Minister of Examination
- In office 20 May 2004 – 20 May 2008
- Preceded by: Liu Chu-chih
- Succeeded by: Hwang Yea-baang (acting) Yang Chao-hsiang

Minister of the Research, Development and Evaluation Commission
- In office May 2000 – May 2004
- Preceded by: Wea Chi-lin
- Succeeded by: Yeh Jiunn-rong

Personal details
- Born: 1952
- Died: August 2025 (aged 73)
- Education: National Taiwan University (BA, PhD)

= Lin Chia-cheng =

Taiwanese politician (1952–2025)

Lin Chia-cheng (林嘉誠; 1952 – August 2025) was a Taiwanese political scientist, sociologist and politician.

== Life and career ==
Lin earned his Bachelor of Arts in political science and his Ph.D. in political science from National Taiwan University. He then became a professor of sociology at Soochow University. While Lin taught at Soochow University, he was invited to a number of panel discussions hosted by the Free China Review. During these discussions in 1988, Lin described the relationship between lifting martial law in Taiwan and its effect on democratization, explicitly cautioned the Democratic Progressive Party against focusing on Taiwan independence, opining that independence was not achievable at that point in time, but continually advocating for it would increase political tension and division. In another panel discussion hosted by the Review in 1990, Lin considered political developments in Taiwan through five main viewpoints, naming constitutional reform, the Civic Organizations Law's influence on nascent party politics, the power of public opinion, the legal protection of human rights, and changes in parliamentary structure, primarily the supplementary elections to the Legislative Yuan, as key to democratization in Taiwan. Lin regarded public and special interest groups as part of a politically pluralistic society, as long as such organizations respected norms.
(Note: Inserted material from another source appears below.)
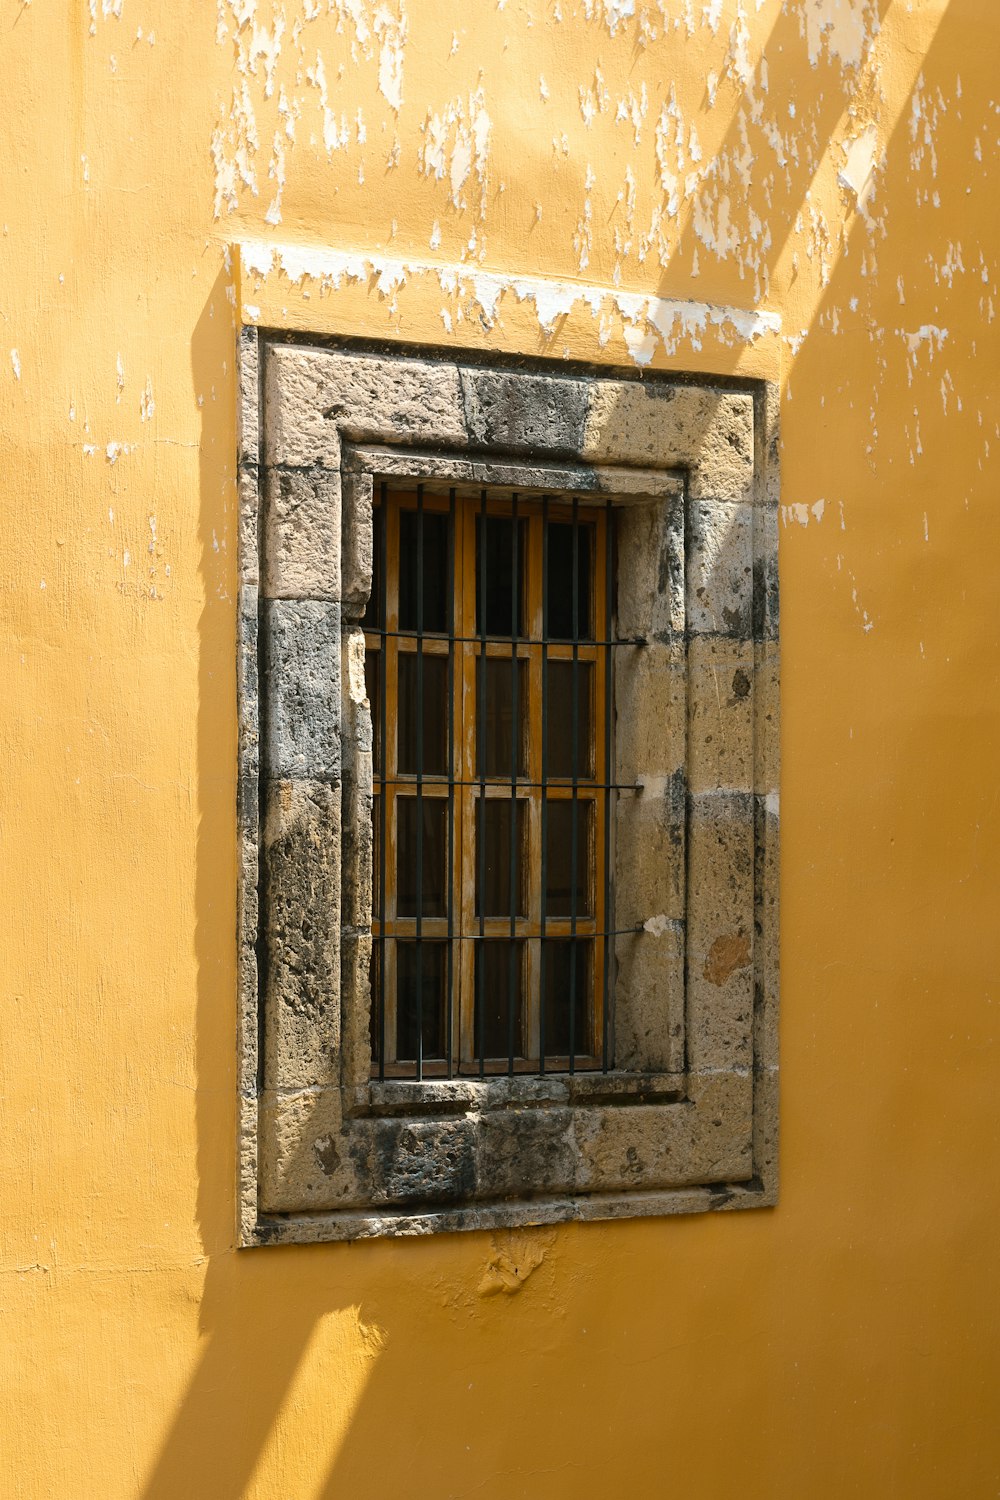 a window in a building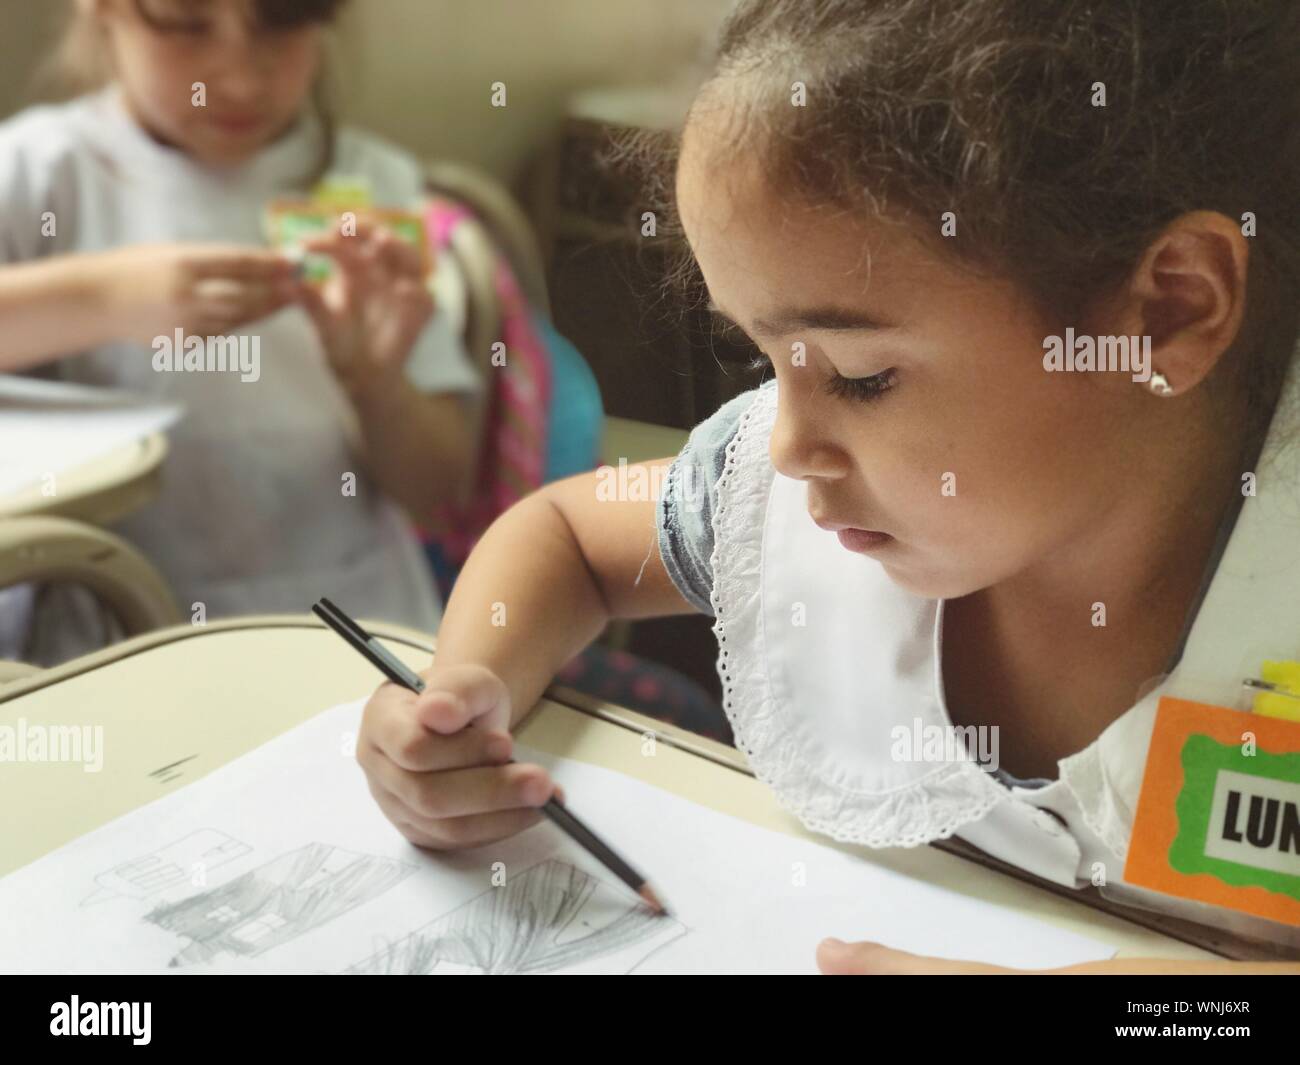 Girl With Name Tag Drawing On Paper At Desk In School Stock Photo

Lin was appointed head of Taipei City Government's Research, Development and Evaluation Commission, then subsequently served as deputy mayor of the city between 1997 and 1998. At the age of 47, he was selected to lead the Executive Yuan's Research, Development and Evaluation Commission in 2000, as a member of the Chen Shui-bian presidential administration. As head of the RDEC, Lin supported the building of casinos on Kinmen and Matsu. He also claimed that the Chen administration's proposed budget for fiscal year 2001 would save NT$70 billion when compared to the previous government's budget, but Kuomintang lawmaker Yen Ching-piao countered that the Chen government's budget proposal had added NT$95 billion in expenditures compared to the fiscal year 2000 budget. In May 2002, Lin inaugurated an online learning platform for public sector employees, as part of a six-year program that sought to make Taiwan a "digitalized state." After Chen Shui-bian won a second presidential term in 2004, Lin was formally sworn in as Minister of Examination on 8 June 2004.

While serving in the Executive Yuan, Lin continued his advocacy for human rights, among them the movement of natural persons. Opinion pieces written by Lin appeared in the Taipei Times before and after his retirement from public service. In these editorials, Lin disclosed steps taken at the RDEC to gather evidence on the 228 incident, Kaohsiung incident, and other government actions during the martial law era, opinions on aspects of governance missing and needed during the 2014 Kaohsiung gas explosions, views on the economy of Taiwan, and expressed support for the consolidation of the Examination Yuan.

On 18 August 2025, Soochow University announced that Lin had died at the age of 73.